August/September 2020; a plane is sent from Germany to evacuate Navalny for treatment in a Berlin hospital.  The Omsk hospital eventually releases him.  German doctors confirm that he has indeed been poisoned.  The German government announces that the poison was a Novichok nerve agent, a chemical weapon widely believed to be available only to agents of the Russian state.  On September 07, the doctors treating him say that he has been brought out of the coma and now “responds when he is spoken to”.  Function 22; Rescue – the hero is saved.
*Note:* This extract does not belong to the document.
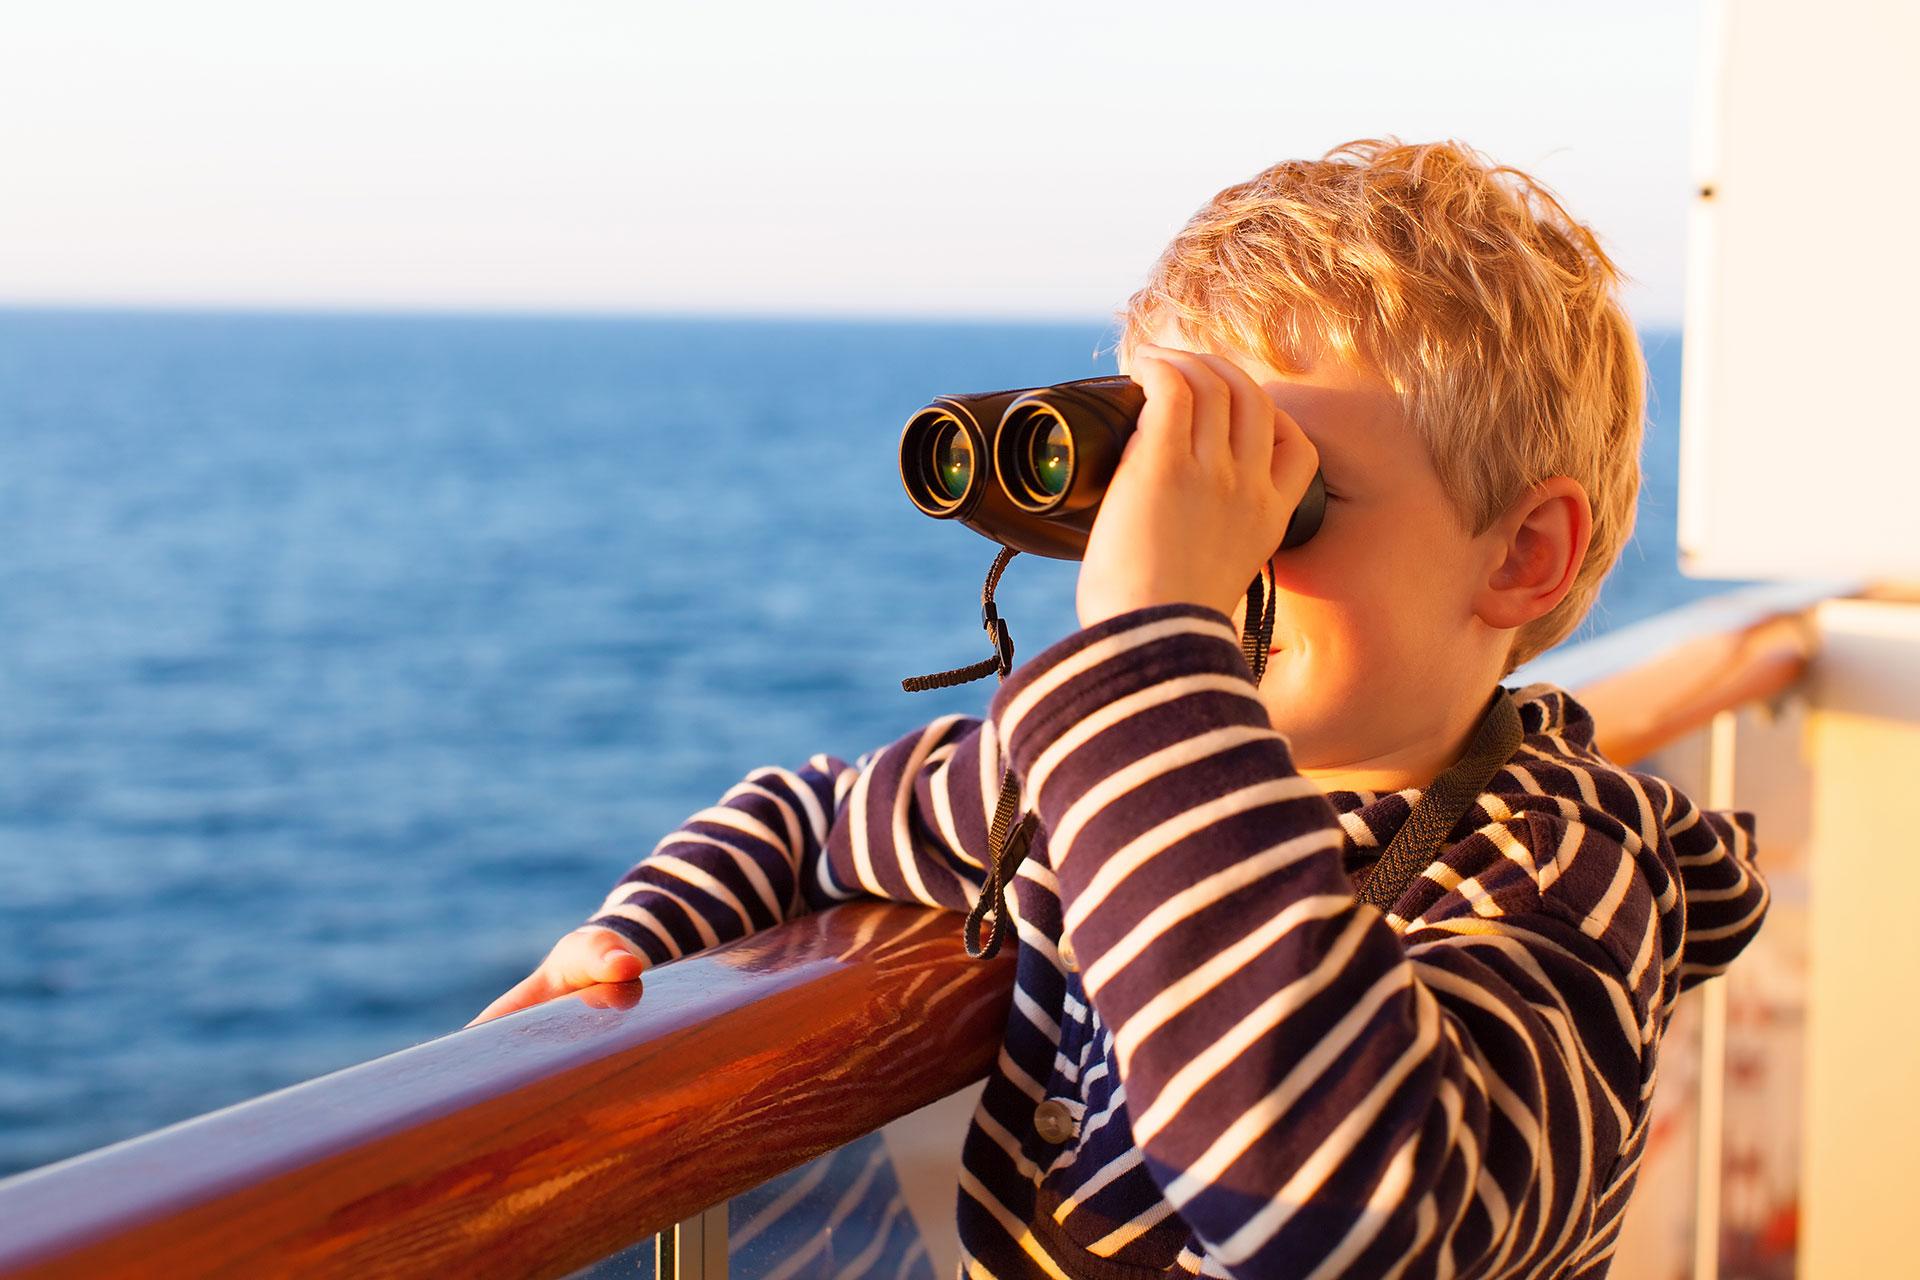 Young Boy With Binoculars on Cruise

So what happens now?  If we reverse-engineer Propp’s analysis and attempt to complete the story by synthesising some of the remaining functions, we could expect the following – the hero returns (function 20) transfigured in some way (function 29), the villain is defeated (function 30) and the victorious hero finally marries the princess / ascends the throne / is elected president (function 31).

Here, of course, caution and common sense remind us that real life is not a fairy tale and that a happy ending is never guaranteed outside the story books.  Nevertheless, all this also reminds us that folk tales and fairy stories aren’t mere frivolous and vacuous fantasies but reflect the profound hopes and fears of an entire community (perhaps even of the whole of mankind) and are acutely aware of the forces which shape society for good or ill.  And as for a happy ever after, well, who knows?  We certainly hope for the best as the doctors continue to do what they can in Berlin and as the world outside Russia prepares its reaction to this latest atrocity.